Description of the task: Once you find the line with "13-game-android-online-terbaik-2019", transcribe it and all the lines that follow to the end of the data, exactly as written; skip any pictures.

Input data:
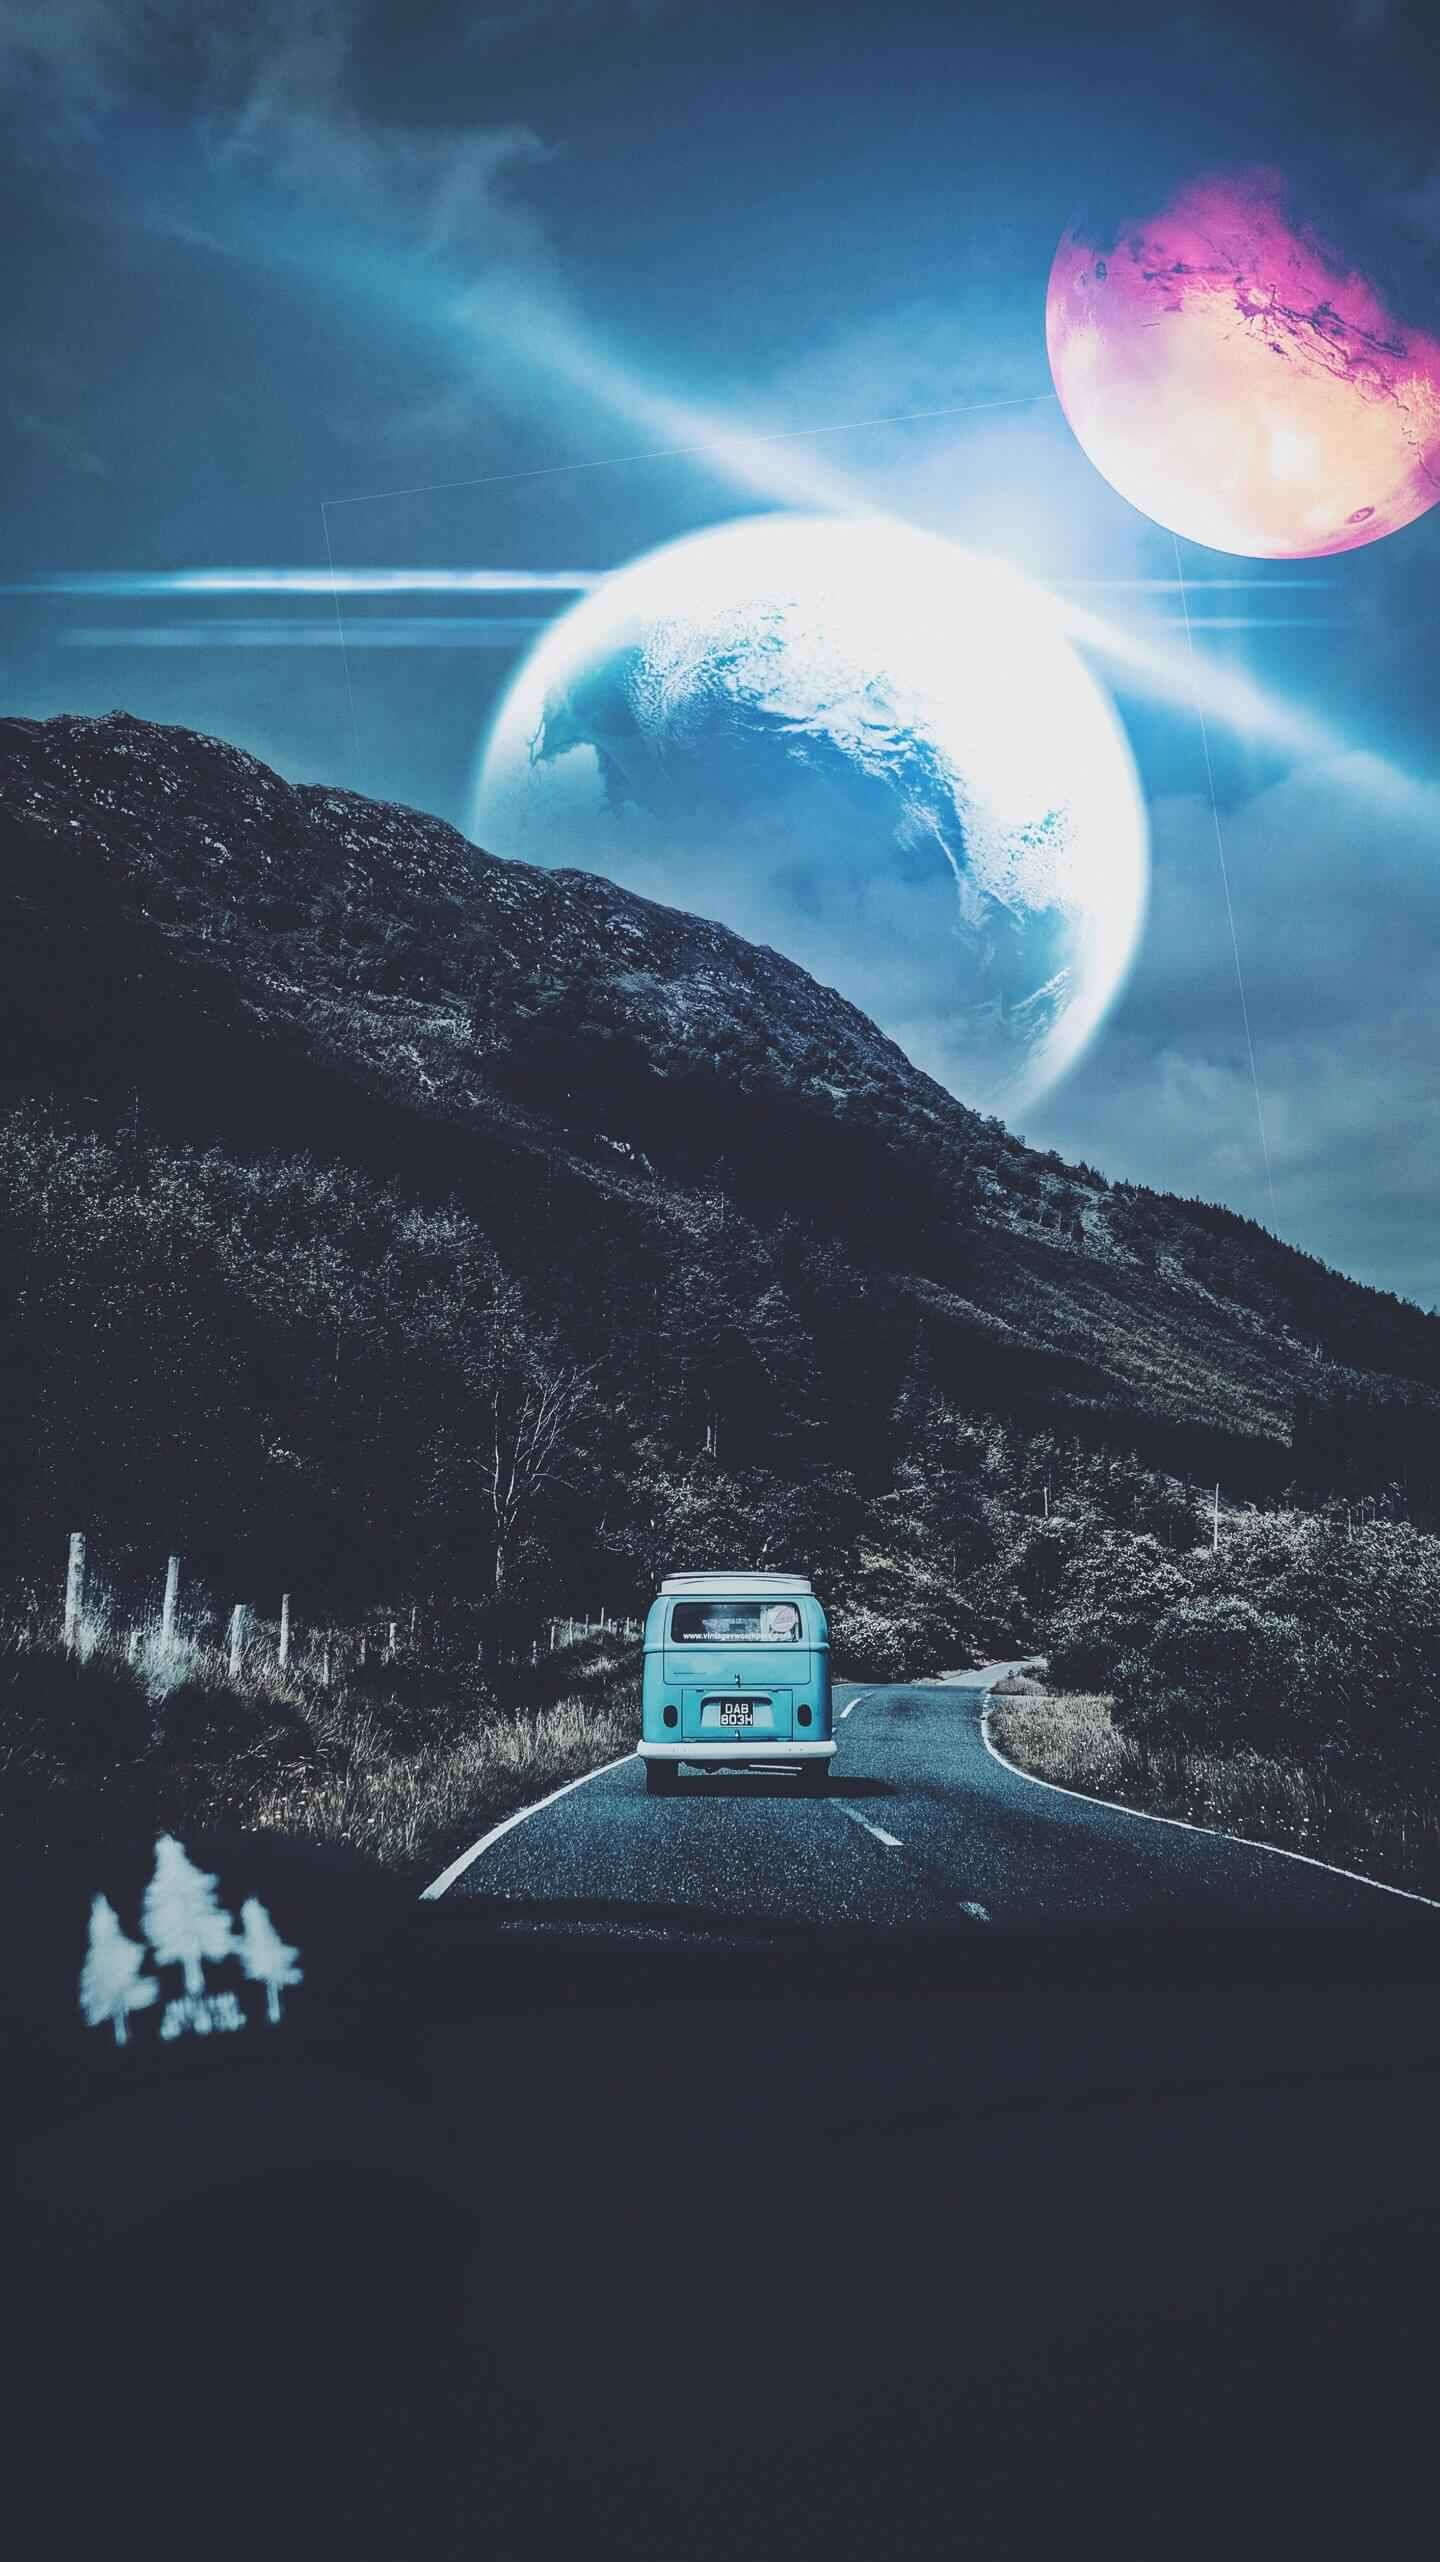 Roadtrip Adventures iPhone Wallpaper - iPhone Wall
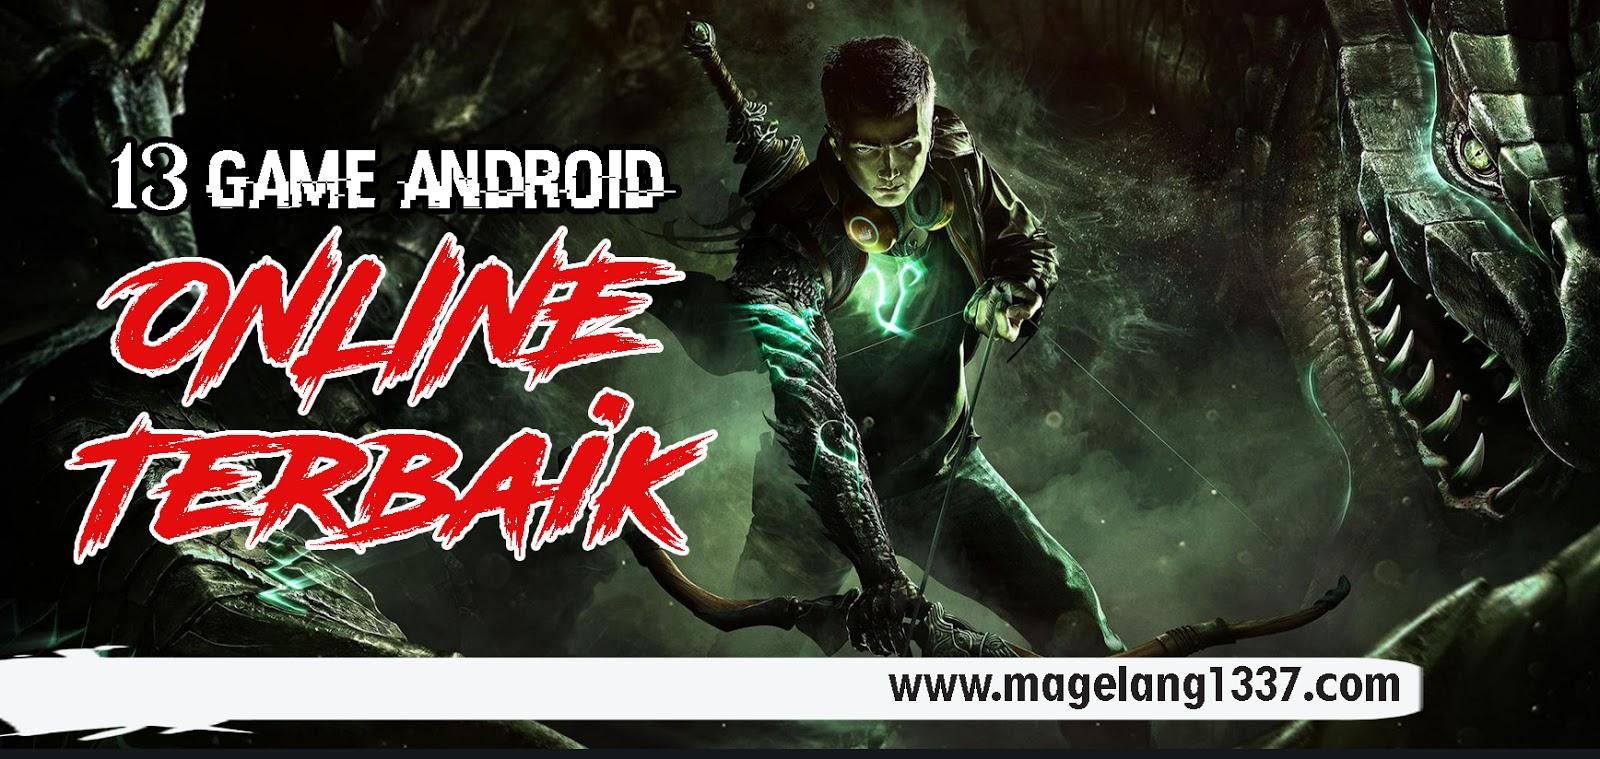 13-game-android-online-terbaik-2019
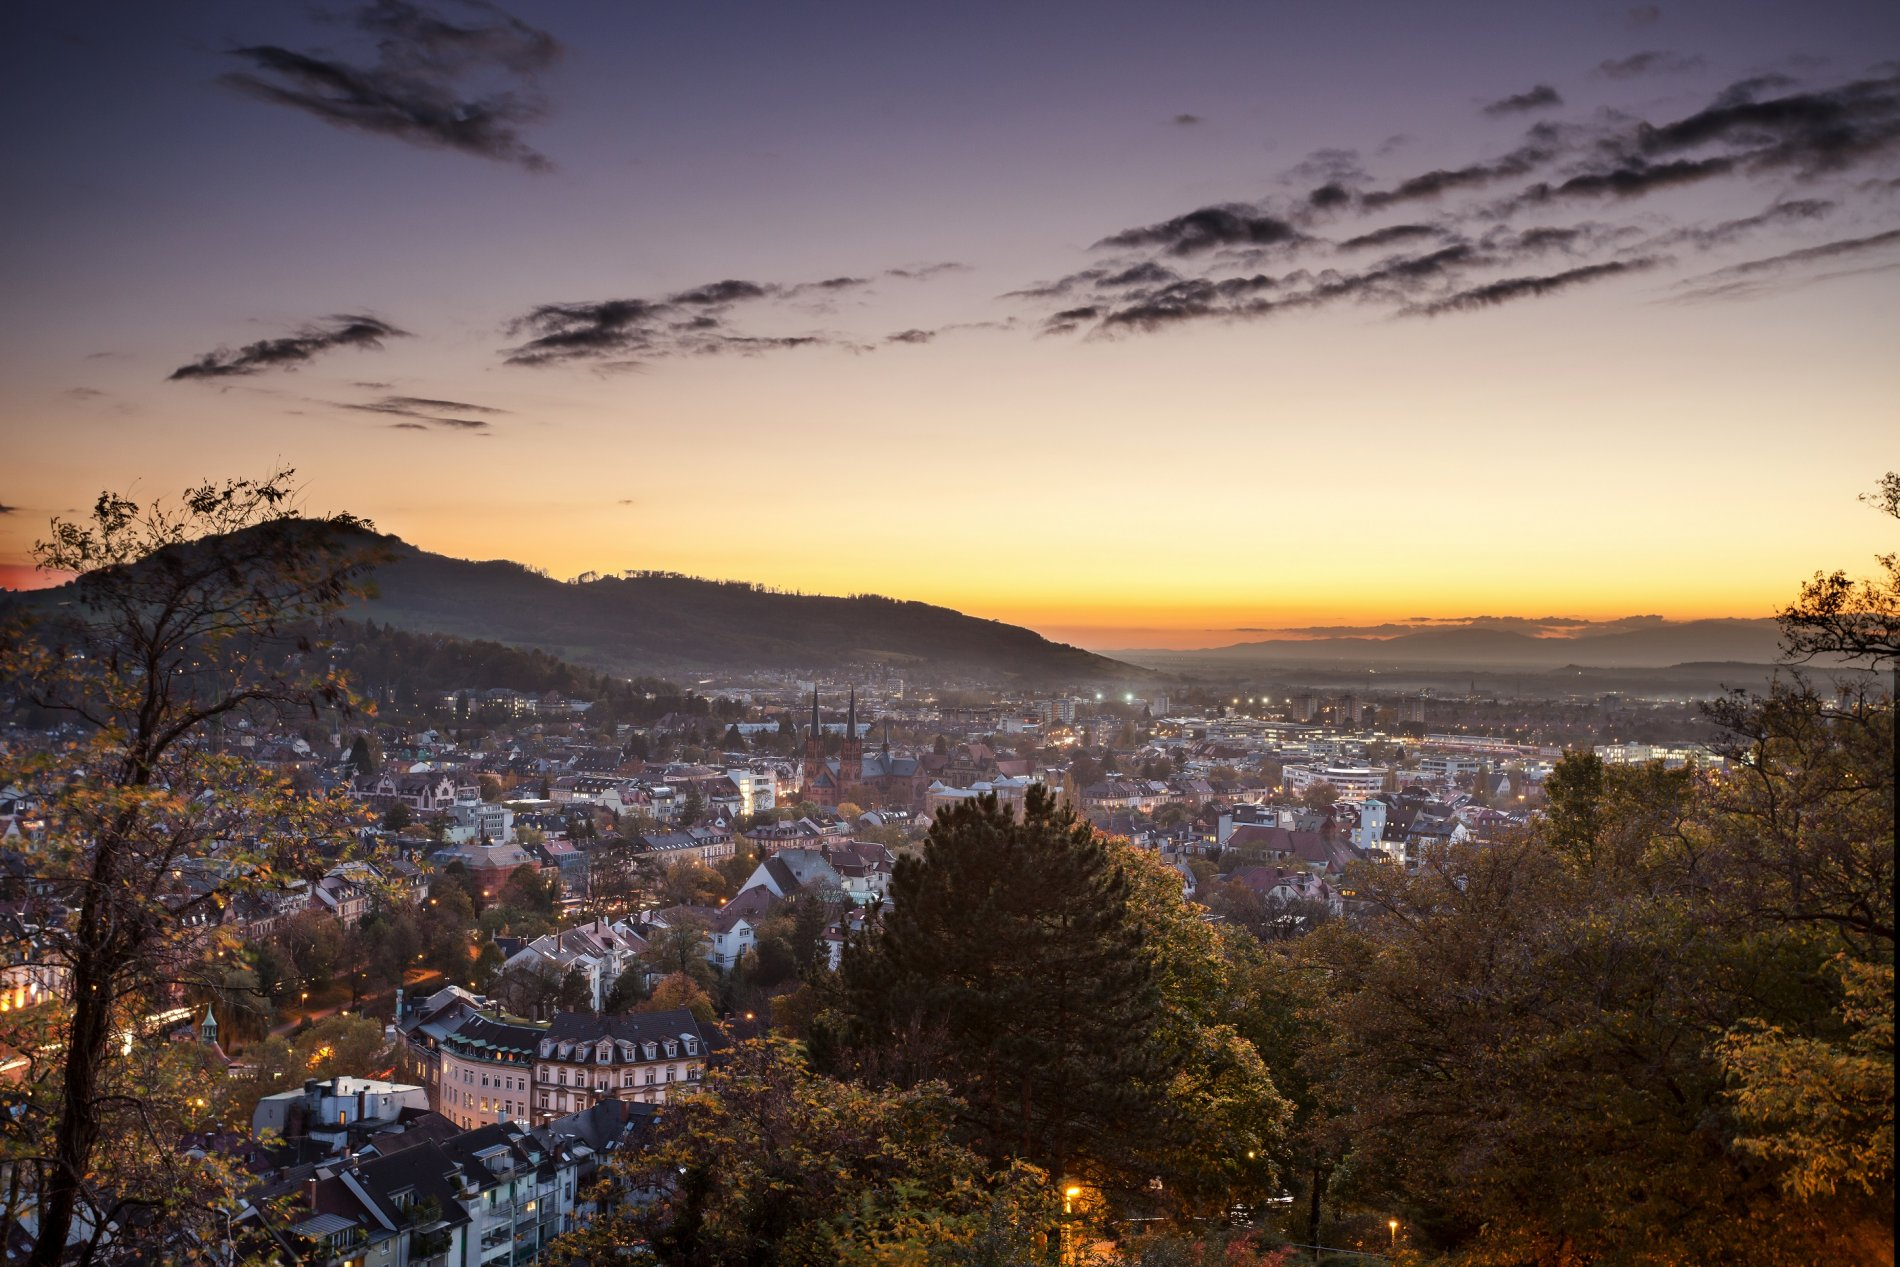 Freiburg Blick vom Schlossberg

Result for this exercise:
 13-game-android-online-terbaik-2019
 Freiburg Blick vom Schlossberg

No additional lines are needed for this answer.